Objective: The purpose of this study was to investigate the viscoelastic properties related to handling characteristics of composite resins, Methods: A custom designed vertical oscillation rheometer (VOR) was used for rheological measurements of composites. The VOR consists of three parts: (1) a measuring unit, (2) a deformation induction unit and (3) a force detecting unit, Two medium viscous composites, Z100 and Z250 and two packable composites, P60 and SureFil were tested. The viscoelastic material function, including complex modulus $E^{*}$ and phase angle ${\delta}$, were measured. A dynamic oscillatory test was used to evaluate the storage modulus (E'), loss modulus (E") and loss tangent ($tan{\delta}$) of the composites as a function of frequency ($\omega$) from 0.1 to 20 Hz at $23^{\circ}C$. Results: The E' and E" increased with increasing frequency and showed differences in magnitude between brands. The $E^{*}s$ of composites at ${\omega}{\;}={\;}2{\;}Hz$, normalized to that of Z100, were 2.16 (Z250), 4,80 (P60) and 25.21 (SureFil).

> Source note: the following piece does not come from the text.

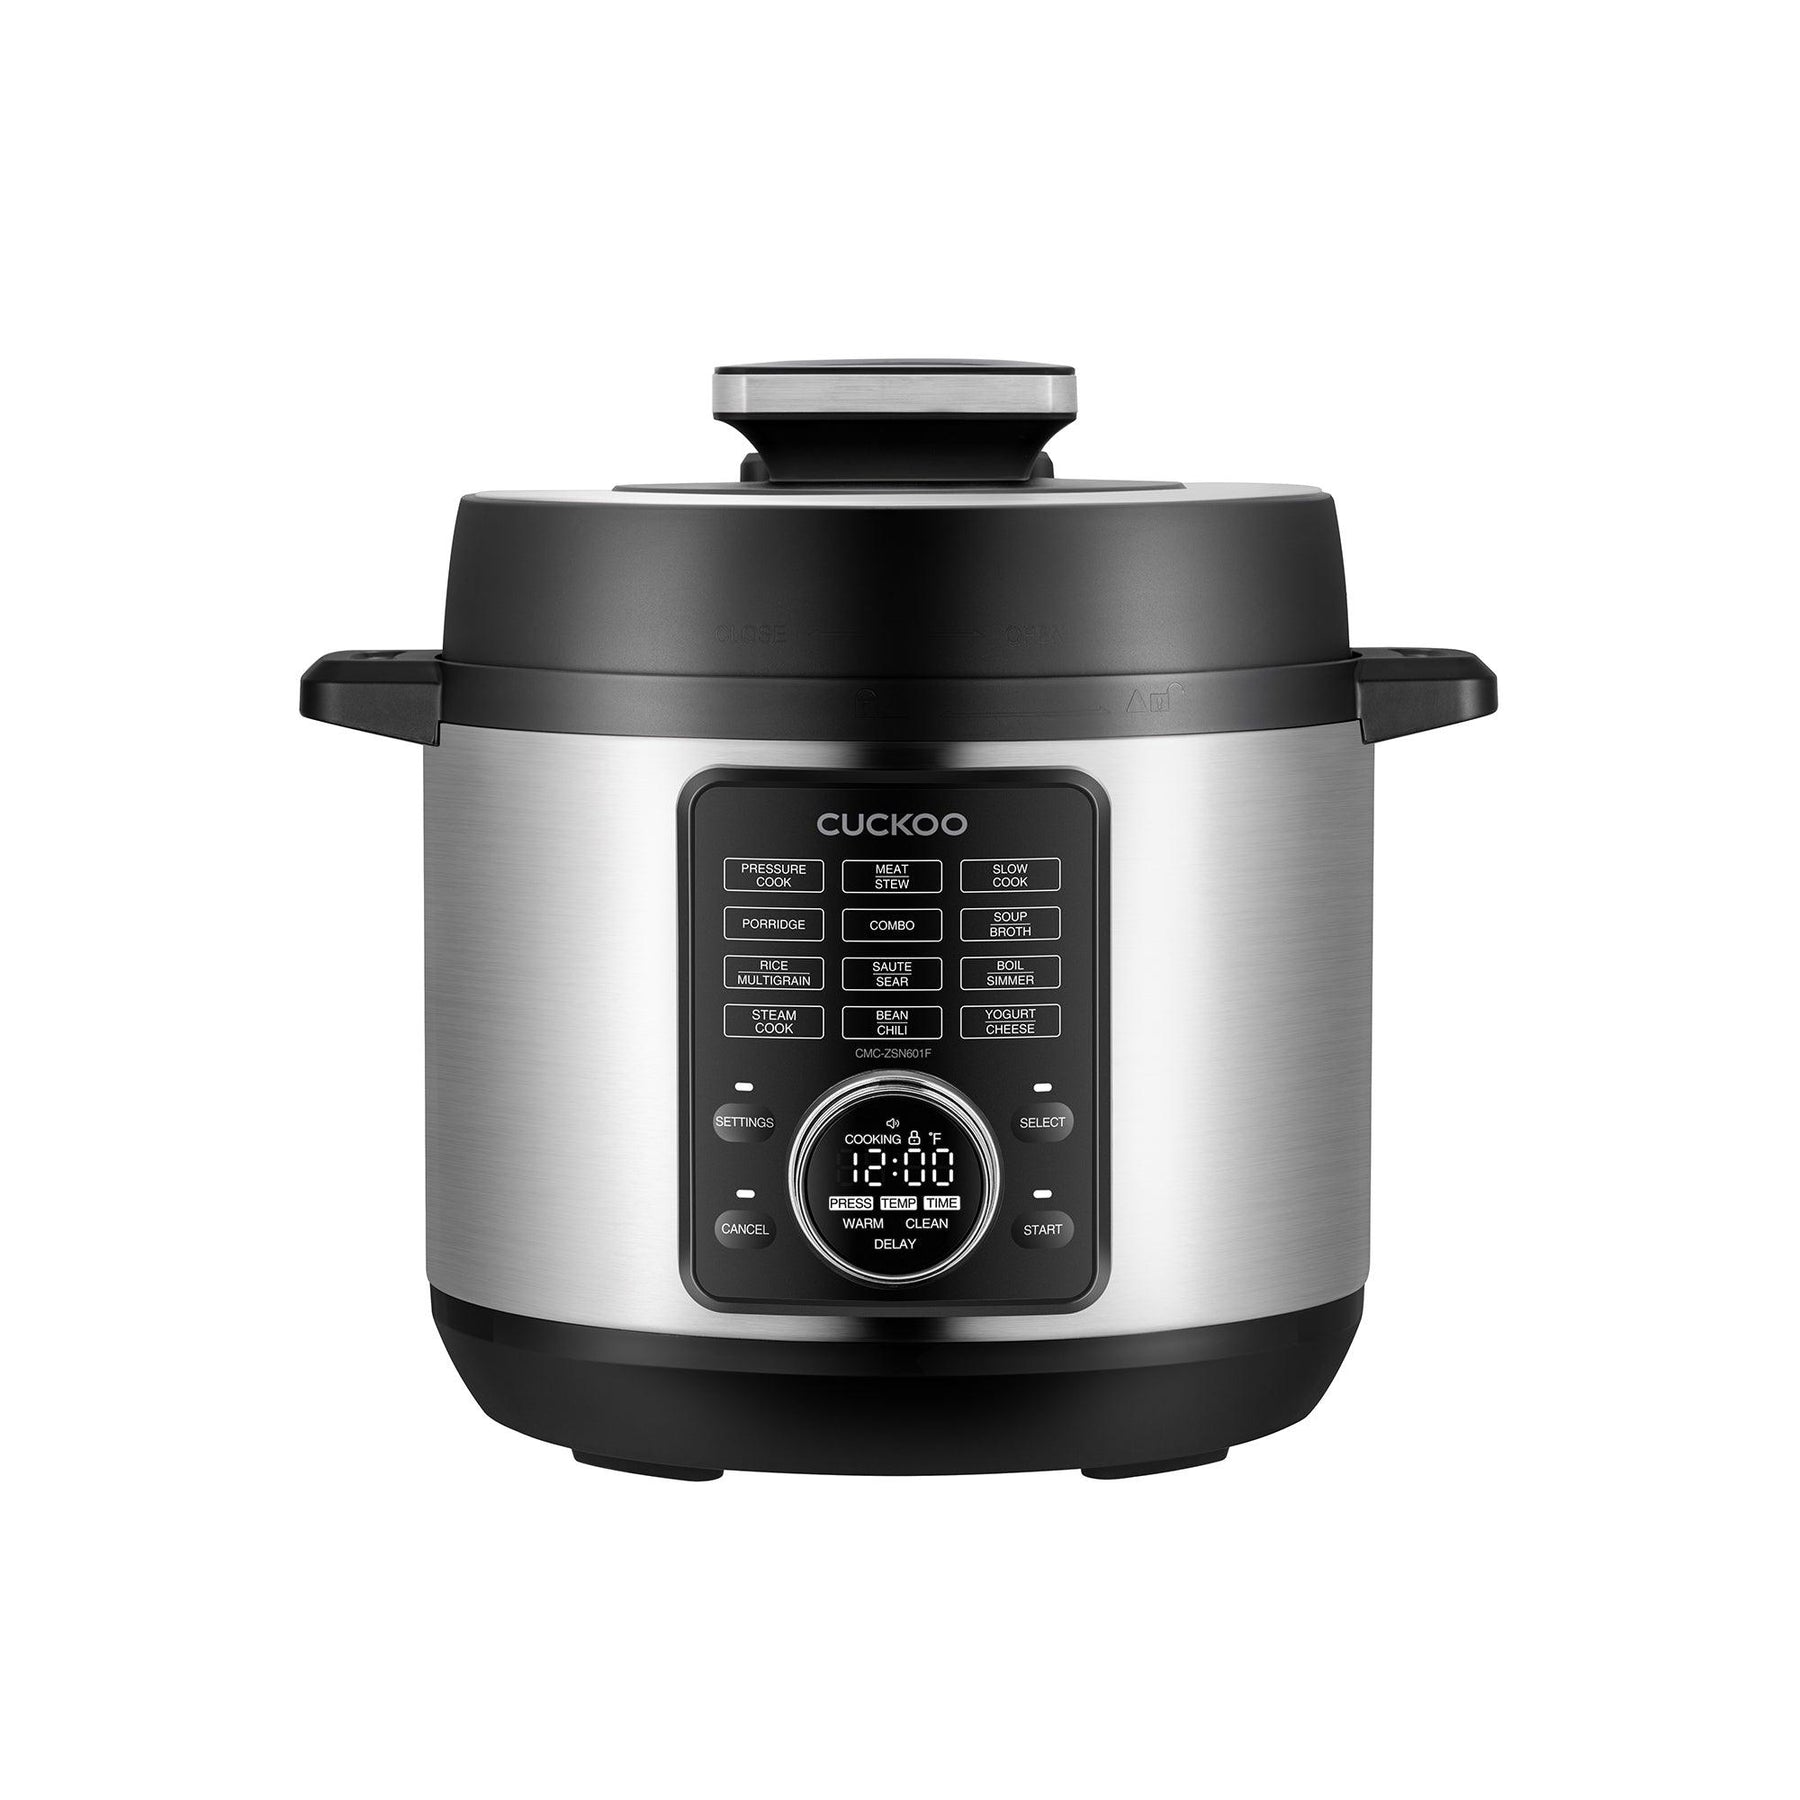 Power Pressure Cooker XL - 6qt - appliances - by owner - sale

The magnitudes and patterns of the change of $tan{\delta}$ of composites with increasing frequency were significantly different between brands. The relationships between the complex modulus $E^{*}$, the phase angle ${\delta}$ and the frequency \omega were represented by frequency domain phasor form, $E^{*}{\;}(\omega){\;}={\;}E^{*}e^{i{\delta}}{\;}={\;}E^{*}{\angle}{\delta}$. Conclusions: The viscoelasticity of composites that influences handling characteristics is significant different between brands, The VOR is a relatively simple device for dynamic, mechanical analysis of high viscous dental composites. The locus of frequency domain phasor plots in a complex plane is a valuable method of representing the viscoelastic properties of composites.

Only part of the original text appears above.